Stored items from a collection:
━━━━━━━━━━━━━━━━━━━━

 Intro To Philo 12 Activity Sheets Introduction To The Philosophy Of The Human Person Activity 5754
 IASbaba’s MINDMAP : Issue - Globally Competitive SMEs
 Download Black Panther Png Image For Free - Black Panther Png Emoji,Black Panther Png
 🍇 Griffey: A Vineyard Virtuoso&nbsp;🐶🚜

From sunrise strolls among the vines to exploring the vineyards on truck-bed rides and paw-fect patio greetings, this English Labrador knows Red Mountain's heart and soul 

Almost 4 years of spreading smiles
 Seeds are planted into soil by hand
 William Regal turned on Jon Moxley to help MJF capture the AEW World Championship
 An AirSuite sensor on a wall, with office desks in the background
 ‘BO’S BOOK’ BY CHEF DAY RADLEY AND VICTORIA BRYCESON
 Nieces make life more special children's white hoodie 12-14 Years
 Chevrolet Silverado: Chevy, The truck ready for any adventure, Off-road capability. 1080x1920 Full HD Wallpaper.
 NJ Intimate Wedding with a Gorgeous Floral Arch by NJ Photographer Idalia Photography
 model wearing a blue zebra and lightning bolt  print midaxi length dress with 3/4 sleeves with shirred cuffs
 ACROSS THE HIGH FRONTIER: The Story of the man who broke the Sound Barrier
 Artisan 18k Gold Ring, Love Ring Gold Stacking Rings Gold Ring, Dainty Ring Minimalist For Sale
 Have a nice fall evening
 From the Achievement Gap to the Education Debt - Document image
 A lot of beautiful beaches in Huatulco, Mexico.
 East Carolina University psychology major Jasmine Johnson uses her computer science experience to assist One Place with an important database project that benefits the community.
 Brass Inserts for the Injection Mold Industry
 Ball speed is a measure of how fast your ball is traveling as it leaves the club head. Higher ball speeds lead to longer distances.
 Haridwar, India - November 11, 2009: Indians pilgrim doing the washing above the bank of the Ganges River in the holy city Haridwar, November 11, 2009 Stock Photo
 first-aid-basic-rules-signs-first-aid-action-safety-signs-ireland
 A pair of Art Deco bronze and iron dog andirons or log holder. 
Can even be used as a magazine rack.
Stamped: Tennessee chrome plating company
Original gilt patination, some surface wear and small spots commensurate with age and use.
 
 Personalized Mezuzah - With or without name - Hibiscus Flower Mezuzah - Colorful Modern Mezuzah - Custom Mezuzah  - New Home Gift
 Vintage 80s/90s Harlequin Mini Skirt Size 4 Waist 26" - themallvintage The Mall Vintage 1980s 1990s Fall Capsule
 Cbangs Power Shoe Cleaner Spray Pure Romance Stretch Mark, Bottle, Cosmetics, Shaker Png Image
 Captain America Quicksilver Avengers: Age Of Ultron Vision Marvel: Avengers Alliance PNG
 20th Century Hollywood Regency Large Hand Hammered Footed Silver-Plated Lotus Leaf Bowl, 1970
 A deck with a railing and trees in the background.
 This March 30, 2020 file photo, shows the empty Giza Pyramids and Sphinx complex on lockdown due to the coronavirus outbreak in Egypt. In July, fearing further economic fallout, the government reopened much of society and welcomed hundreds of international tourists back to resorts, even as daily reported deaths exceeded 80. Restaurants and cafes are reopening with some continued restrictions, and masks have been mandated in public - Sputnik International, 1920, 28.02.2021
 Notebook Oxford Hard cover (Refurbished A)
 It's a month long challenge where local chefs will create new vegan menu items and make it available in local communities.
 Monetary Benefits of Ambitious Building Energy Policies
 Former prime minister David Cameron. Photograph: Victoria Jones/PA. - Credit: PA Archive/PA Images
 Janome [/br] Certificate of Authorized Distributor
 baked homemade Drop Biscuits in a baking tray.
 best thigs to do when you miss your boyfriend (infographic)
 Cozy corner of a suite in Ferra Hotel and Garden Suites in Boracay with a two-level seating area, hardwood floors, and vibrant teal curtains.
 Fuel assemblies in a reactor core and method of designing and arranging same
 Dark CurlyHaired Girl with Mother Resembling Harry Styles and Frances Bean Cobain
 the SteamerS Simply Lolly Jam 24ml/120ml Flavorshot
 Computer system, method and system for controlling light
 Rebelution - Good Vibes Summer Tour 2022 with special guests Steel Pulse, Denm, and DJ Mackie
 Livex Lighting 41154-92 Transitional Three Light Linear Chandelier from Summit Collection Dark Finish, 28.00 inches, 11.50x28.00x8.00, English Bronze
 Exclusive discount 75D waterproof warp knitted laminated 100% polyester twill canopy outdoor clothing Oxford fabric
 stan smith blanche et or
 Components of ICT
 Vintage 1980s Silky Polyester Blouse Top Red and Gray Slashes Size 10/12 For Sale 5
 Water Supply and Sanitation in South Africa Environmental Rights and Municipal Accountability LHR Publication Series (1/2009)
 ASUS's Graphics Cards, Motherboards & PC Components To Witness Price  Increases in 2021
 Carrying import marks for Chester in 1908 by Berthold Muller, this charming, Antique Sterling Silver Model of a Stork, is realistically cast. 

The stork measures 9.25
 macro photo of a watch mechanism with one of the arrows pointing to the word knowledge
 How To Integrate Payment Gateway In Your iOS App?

━━━━━━━━━━━━━━━━━━━━

About this exercise: Restate verbatim all lines from the start of the data through the line containing "Ball speed is", with both ends kept.

Answer box:
 Intro To Philo 12 Activity Sheets Introduction To The Philosophy Of The Human Person Activity 5754
 IASbaba’s MINDMAP : Issue - Globally Competitive SMEs
 Download Black Panther Png Image For Free - Black Panther Png Emoji,Black Panther Png
 🍇 Griffey: A Vineyard Virtuoso&nbsp;🐶🚜

From sunrise strolls among the vines to exploring the vineyards on truck-bed rides and paw-fect patio greetings, this English Labrador knows Red Mountain's heart and soul 

Almost 4 years of spreading smiles
 Seeds are planted into soil by hand
 William Regal turned on Jon Moxley to help MJF capture the AEW World Championship
 An AirSuite sensor on a wall, with office desks in the background
 ‘BO’S BOOK’ BY CHEF DAY RADLEY AND VICTORIA BRYCESON
 Nieces make life more special children's white hoodie 12-14 Years
 Chevrolet Silverado: Chevy, The truck ready for any adventure, Off-road capability. 1080x1920 Full HD Wallpaper.
 NJ Intimate Wedding with a Gorgeous Floral Arch by NJ Photographer Idalia Photography
 model wearing a blue zebra and lightning bolt  print midaxi length dress with 3/4 sleeves with shirred cuffs
 ACROSS THE HIGH FRONTIER: The Story of the man who broke the Sound Barrier
 Artisan 18k Gold Ring, Love Ring Gold Stacking Rings Gold Ring, Dainty Ring Minimalist For Sale
 Have a nice fall evening
 From the Achievement Gap to the Education Debt - Document image
 A lot of beautiful beaches in Huatulco, Mexico.
 East Carolina University psychology major Jasmine Johnson uses her computer science experience to assist One Place with an important database project that benefits the community.
 Brass Inserts for the Injection Mold Industry
 Ball speed is a measure of how fast your ball is traveling as it leaves the club head. Higher ball speeds lead to longer distances.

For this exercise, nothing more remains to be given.